如若棒喝!她什么情况都考虑过,却没想到这层。若真是这样,她要抱着碧浪痛哭三声。
但冥冥之中又觉得他会出现,而不是象碧浪假设的那样。不然近50分钟似白痴的傻傻等待又算作什么?让碧浪陪着她浪费时间又算什么?那就亏大啦!
“5分钟。不出现就闪人。”她告诉碧浪也提醒自己。
“你喜欢上他了。”碧浪一脸了然。
袁来正想反驳,眼角余光却瞄到某个归巢的男人。视线在他那张酷似ken的脸上停留三秒,终于满足,愉悦地从球台上滑下,丢掉两人制造的垃圾,拉着碧浪的手离开。
“不和他打下招呼?不问他为什么不理你?”
“这些都不重要,重要的是看到他,今晚我可以做个好梦了。”她又不是他什么人,虽说突然有点想成为,可心动归心动,她可不是一年365天都有昨晚那么多的勇气。
※※※
这次,袁来真的要抱着身边人哭了。
今天是与纪错交谈后的第三天。他又一次让她扬起的手处于定格状态。
袁来忍住想杀人或被人杀的冲动。心里的郁结之气久久不散。
她是不是命犯天煞孤星?若那只僵尸对她根本没印象的话,那天晚上见他前陷入天人交战的境地不是略显多余了?之后还平白浪费她的唇舌。
她很想找他兴师问罪,但是,她不会。
有他的电话,用三秒钟将8位数按下去,却在拨通键上停住。
她怕会后悔。
有些事并非不敢去做,而是承担不起可能的后果。
电话最终没有拨出。今天不打,并不代表她会一直不打吧?
袁来渐渐发觉她生活的重心已转移到对某人的密切关注上了。
换而言之:她喜欢上他了。
心情再郁卒,日子是要过的。
还是会遇见。从“奇缘”隔壁那家砂锅米线店到主教楼的二楼走廊;从拥挤的马路口到人声沸腾的足球场……不同的是她的手再不会因他扬起,期待有人能给予回应了。

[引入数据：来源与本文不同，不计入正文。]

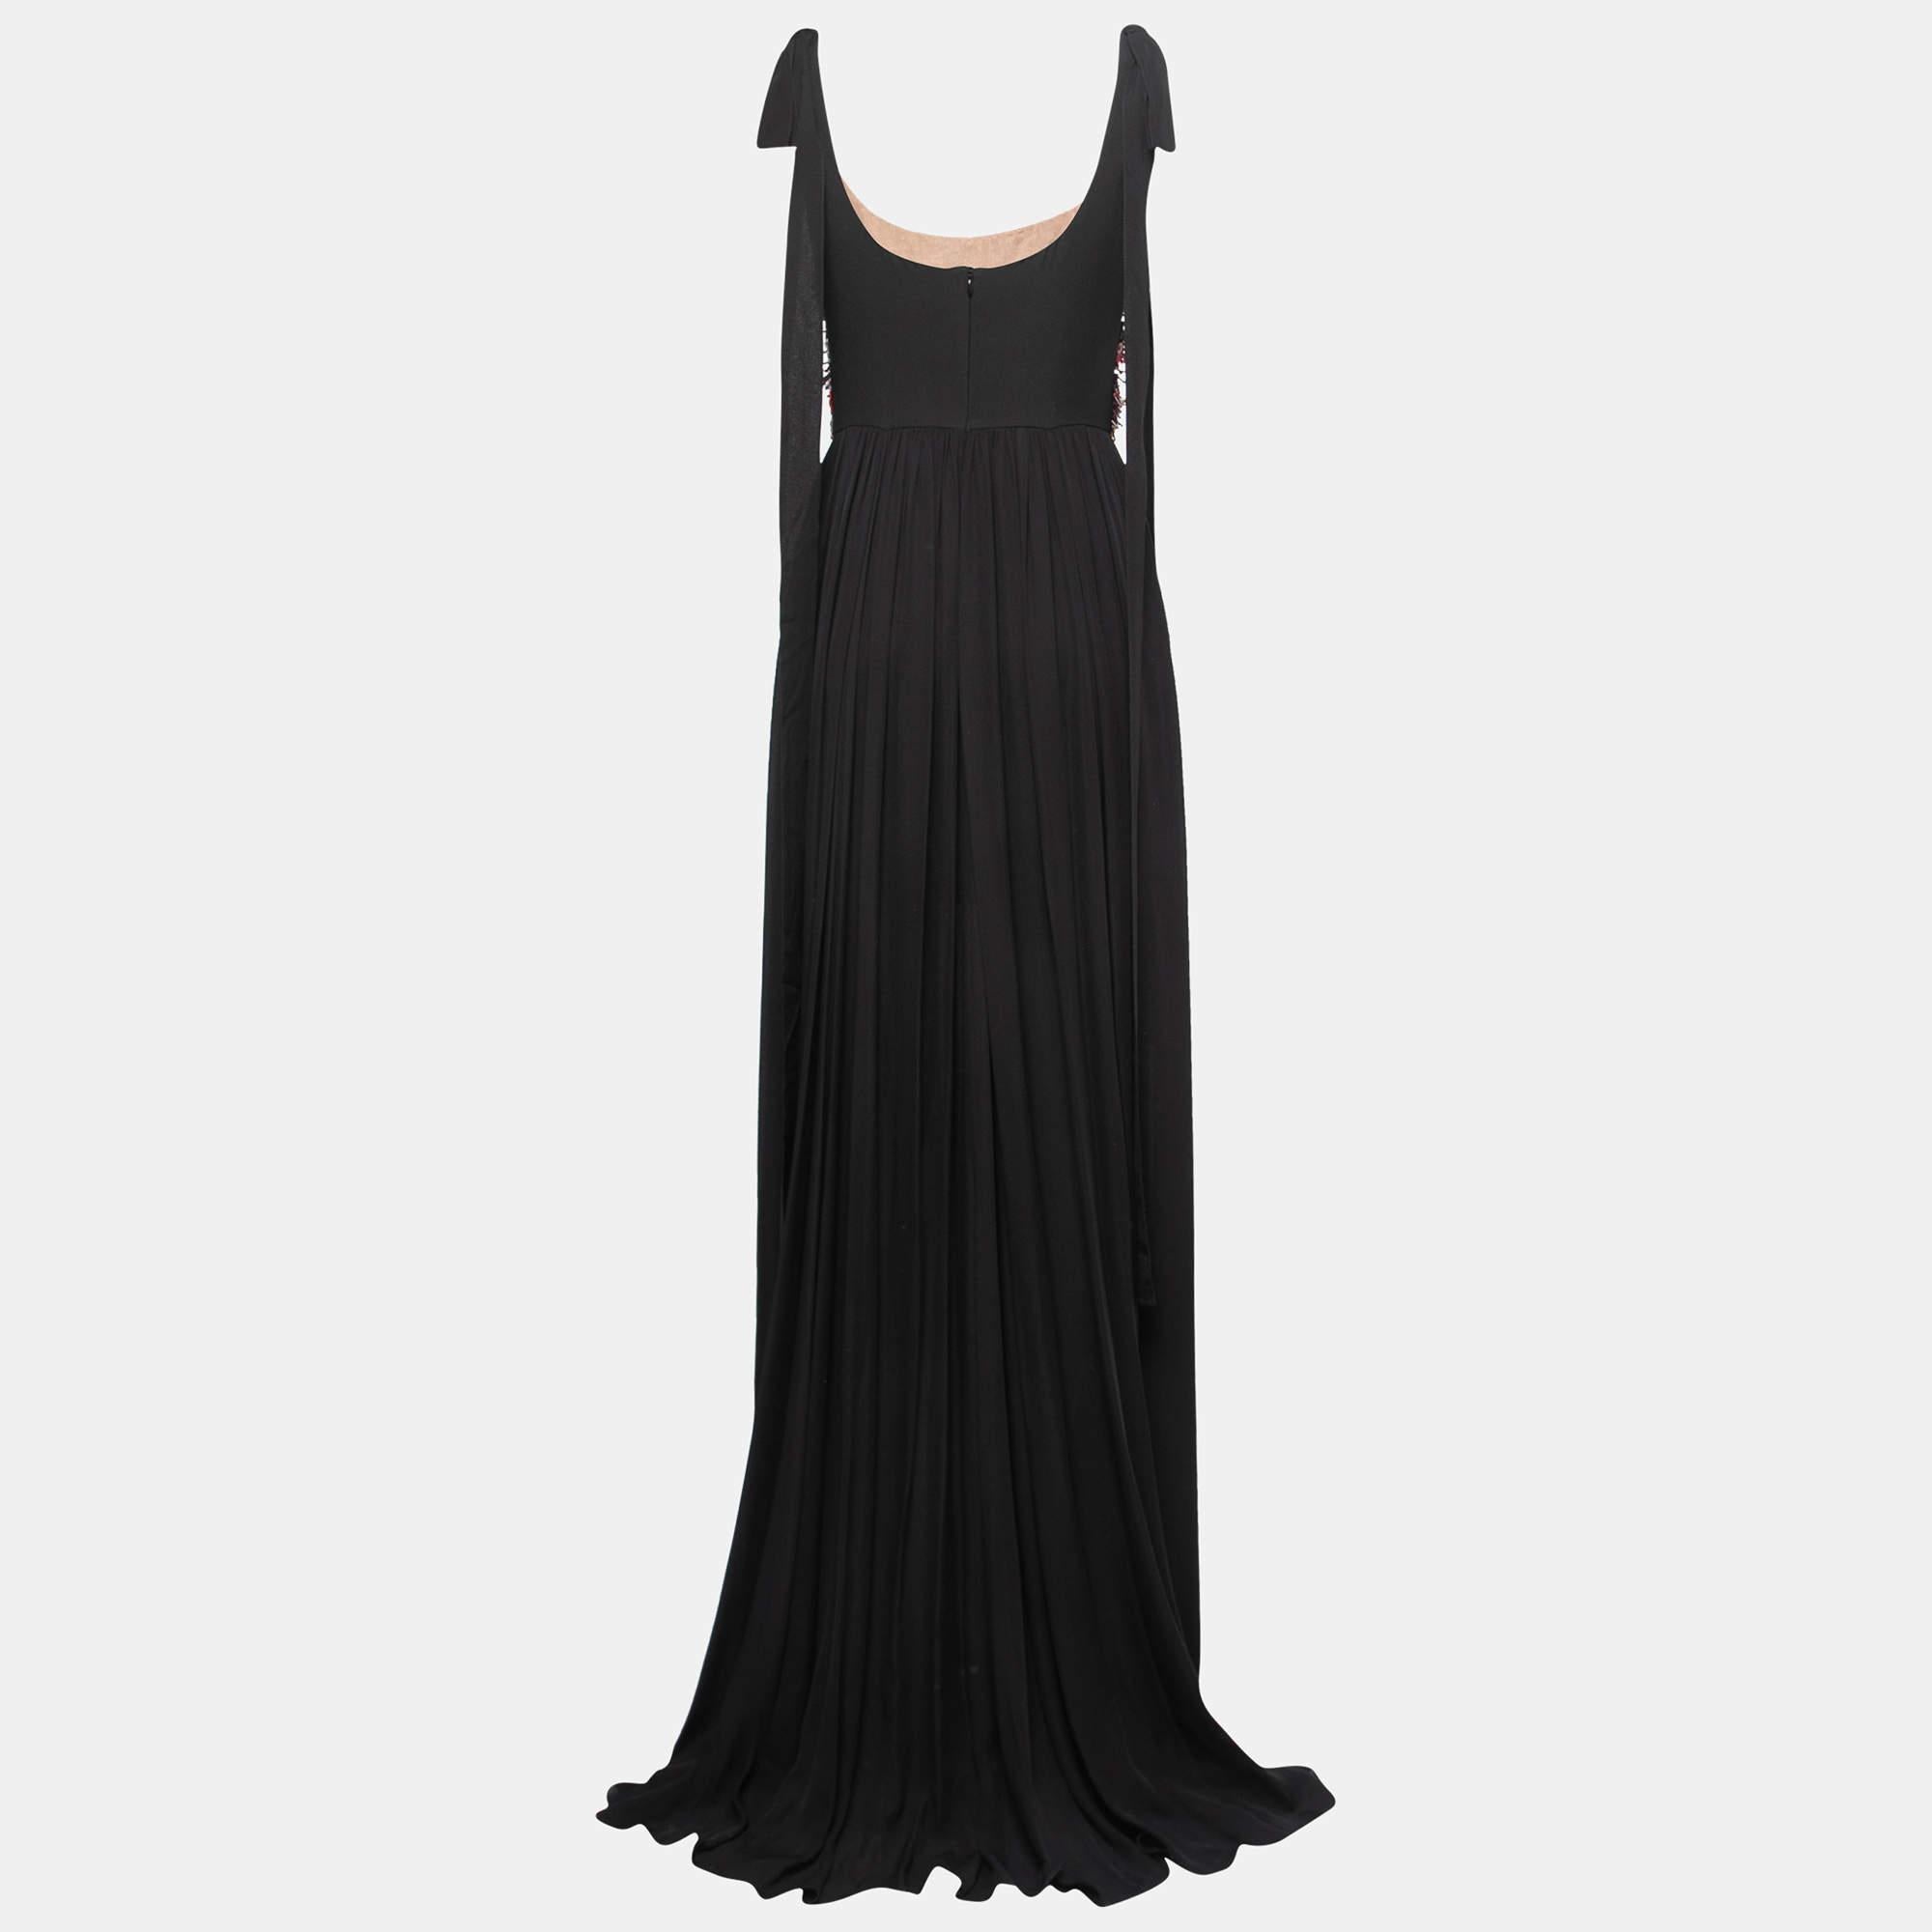 For all evening soirées and high-affair parties, a gown like this makes sure you look the best of all. Tailored into a superb fit and style, this Elie Saab gown is elevated with a stunning neckline and a beautiful hue. Bring home this lovely gown

起初的目标并没忘记。发动了小黑和6个认识纪错朋友帮她偷拍。她早在他心中失去淑女形象了,她也用不着跟他客套。
真的不甘心,不甘心就这样算了。他可是狠狠地摆了她一道!
她不希望就此结束。明明可以与他有一丝联系,却因一时的打击放弃,实在不是她的风格所在。
至少要被打击两次才有杀伤力吧?心才容易死……
再次走过足球场,看着场上那个尽情挥洒着汗水的中后卫,袁来决定继续骚扰他
她的变态可昭日月!
计算好球赛结束的时间,正准备干坏事的她接到家里来的电话,身体一僵,放下手机,开始收拾行李,准备火速冲回家。
来不及整理情绪的她,手怎么也控制不住,一直在颤抖。在509的芷水,从她的神情猜出大概.拍拍她的肩:“今天周六。两天不够的话,我帮你请假。”

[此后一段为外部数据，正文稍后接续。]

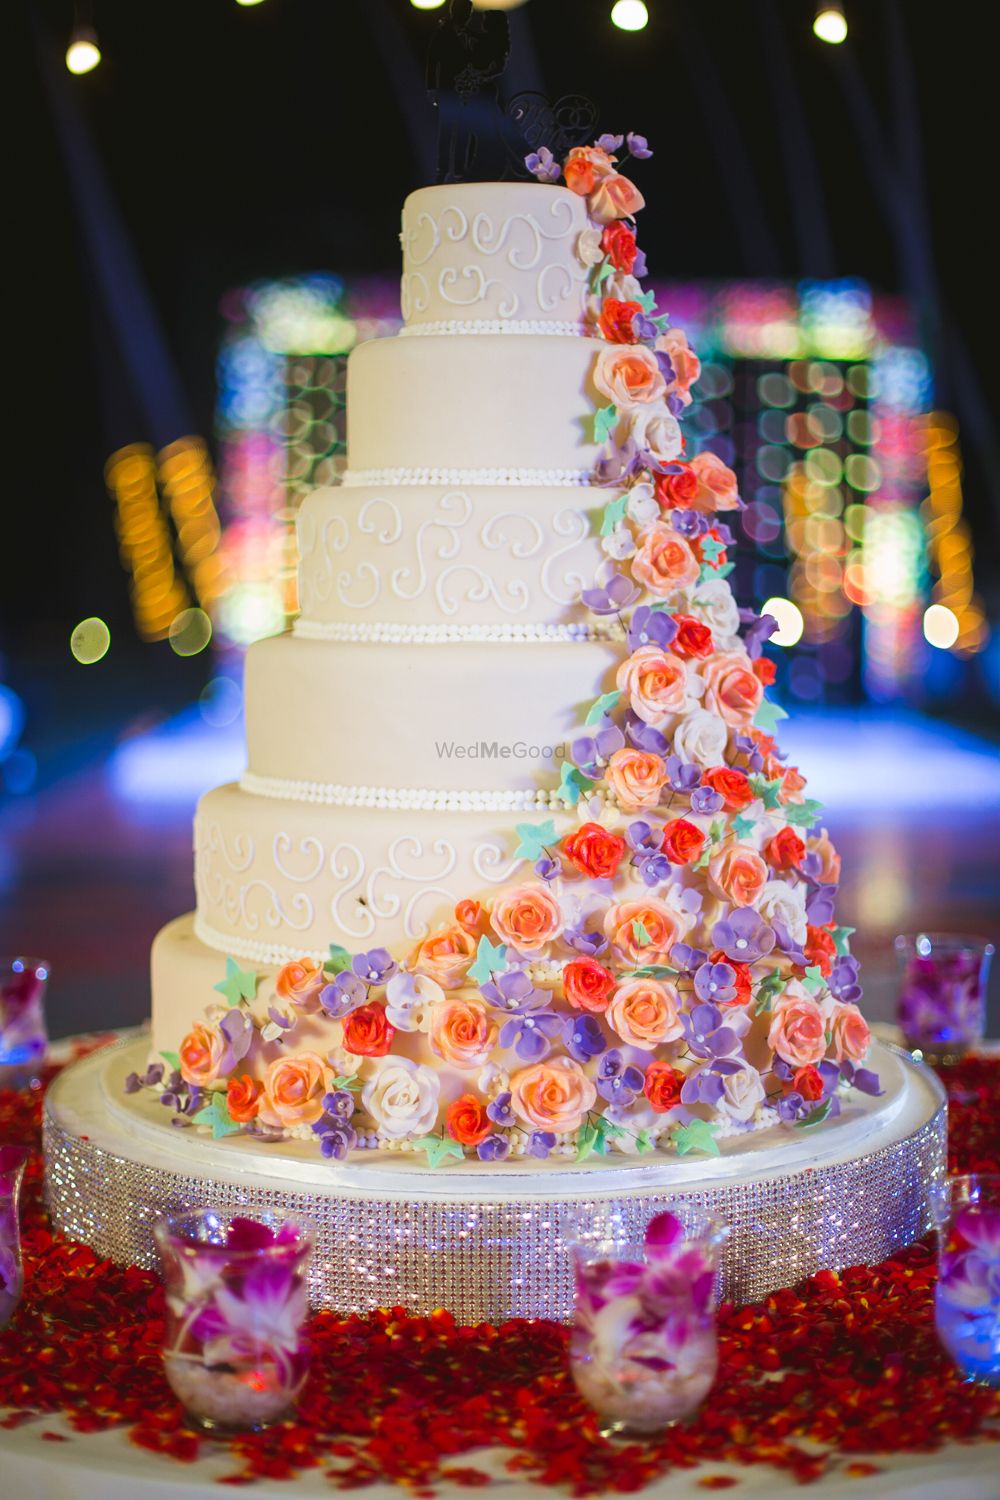 Photo of Colorful cakes on 6 tier white wedding cake

先前陷入一片慌乱的袁来终于镇定了下来:“外婆住院了,我得回去。”拉起整理好的包包,放下,两眼望进芷水的眸子:“谢谢。”
“没事的,快去快回。”安慰人她不太会,只好说些为她打气的话了。
“好。”
20分钟后。此时的她已经坐在回家的小巴上。还有两个小时才能到家,整个人都在恍惚中,完全不知道可以做点什么来转移自己的注意力。
手机屏保上的ken对着他微笑,她回以一个酸涩的苦笑。
按下8位数字,袁来在紧张,惊惶又期待的心情下拔下那个并不怎么的好记的电话号码。
在“嘟……嘟……”的四声回响后,有人接起了电话.
“喂?”
“纪错?”得到对方肯定回答,袁来摇摇有些昏眩的头,“你不需要开口,先听我说。”她怕等他开口,就再没勇气说下去。
“纪错,其实你的声音一点都不悦耳,象喝过硫酸似的;其实你一点都不平易近人,平时板起脸严肃得象每个人都欠过你钱似的;其实你多变态的,还和蒙朝穿情侣装;其实你球也踢得不好,说是半职业球员,还是被灌了四个球……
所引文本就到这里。